As of now, no summer shootouts or even inter-squad scrimmages can take place, but Phillips said his Lady Indians are making the most of the situation — and their time.
“With the COVID-19 situation, at first we didn’t think we would be able to have any workouts at all. As a first-year coach with young players and in trying to get to know those new players and develop relationships, the offseason and the summer is crucial. With the new rules now for this summer, we are fortunate (to conduct workouts at school). We have about seven girls at one time at a session. The main focus is development on ball-handling and shooting and conditioning drills,” he said. “We want to be a team that can handle the ball against pressure, will be in excellent shape, and can run any offense by being able to put the ball in the basket.”
Phillips’ philosophies varies, he explained, depending of course upon personnel.
“We’ve talked about being like rabbits and bulls. We can be like rabbits and run the court and play very fast or be like bulls, slow it down and hammer the ball inside to our post girls,” he said. “It is encouraging if you can be flexible and play up-tempo, but also be deliberate and work the ball inside and score.”
But while wins and losses and defenses and offenses are one thing, Phillips said developing relationships —past, present and future —is what makes coaching “a lot of fun”.

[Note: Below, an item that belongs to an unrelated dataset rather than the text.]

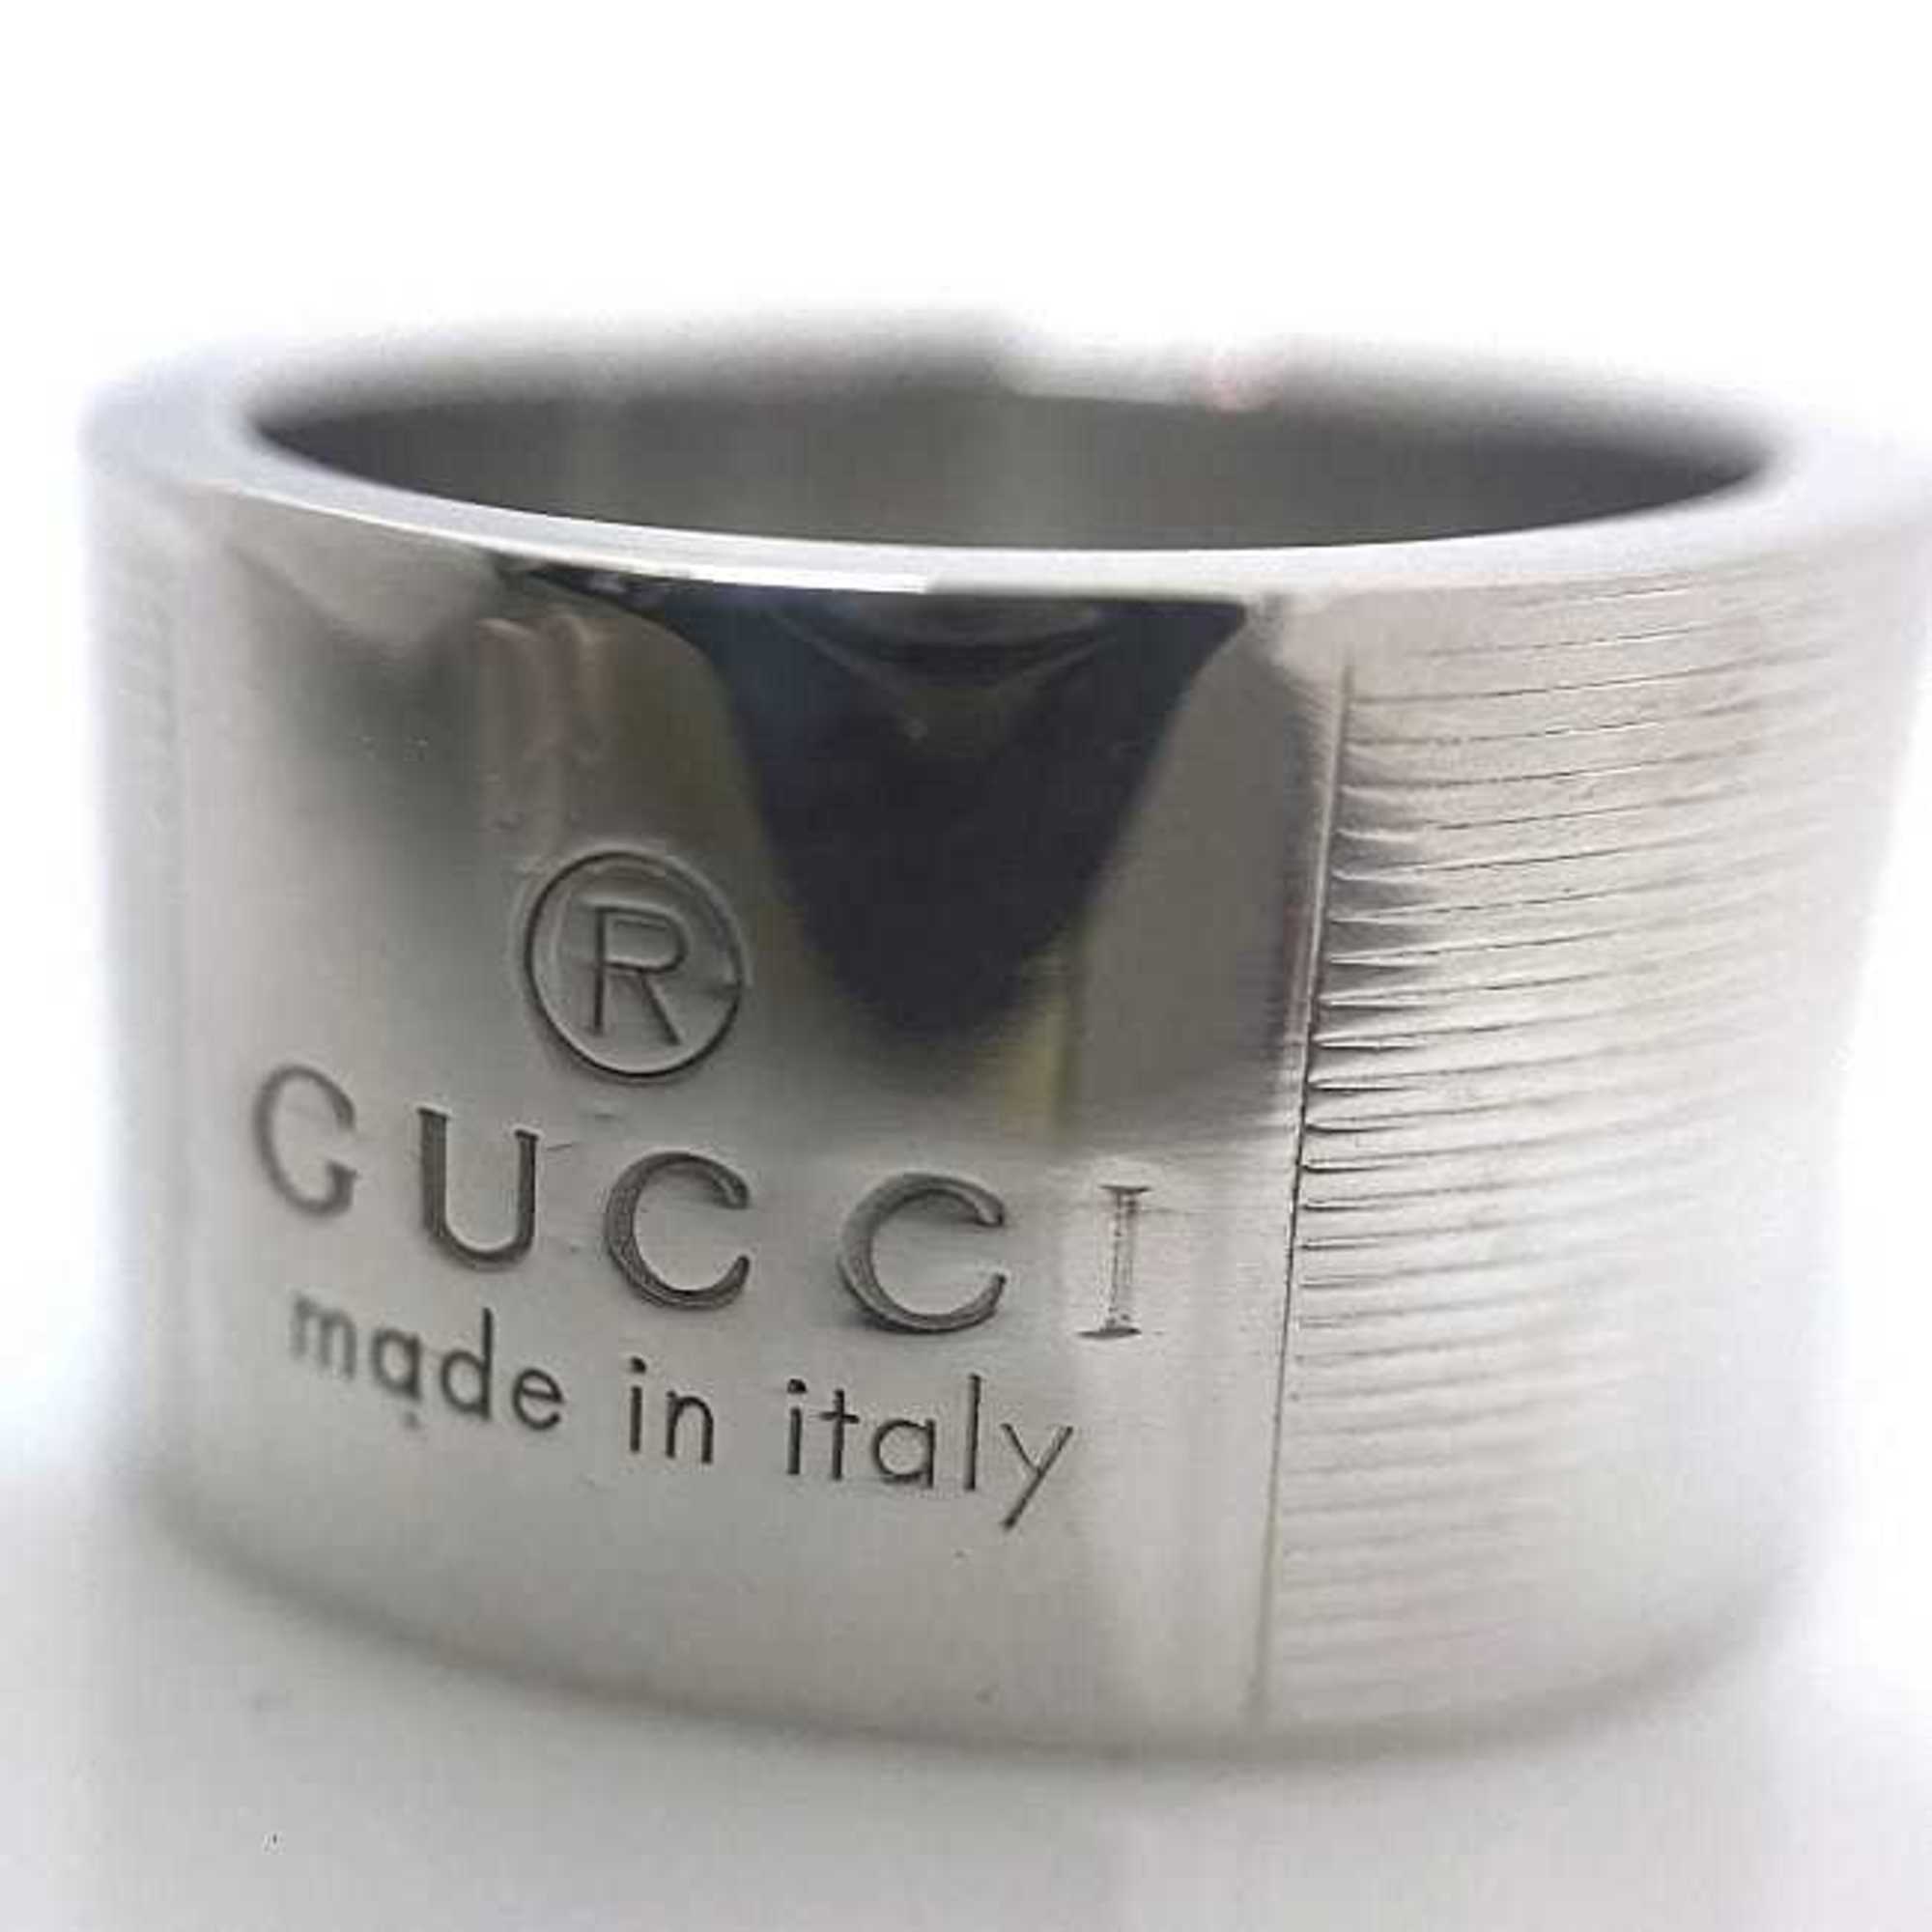 Gucci Ring Silver No. 11 925 GUCCI Trademark Fashion Accessory

“That’s the most exciting part about running your own program. The relationships you form from summer camps and tournaments and practices really go a long way into not only a current season, but beyond basketball when players graduate. You see them out and about in the community and they will call and text and talk and see how you are doing,” he said. “We want to win a lot of games at Valley, but we’re going to have bad games and bad days. When we do, the sun is still going to come up the next day, and how we handle the next day will tell a lot about us. Developing positive relationships is a big part of that process.”
Indeed, Phillips speaks like a true coach —because it’s in his blood.
So too is now prepping the Lady Indians for next year.
“These girls are training hard, and will play with a lot of heart,” said the coach. “It’s a lot of fun being back in a gym and working with them.”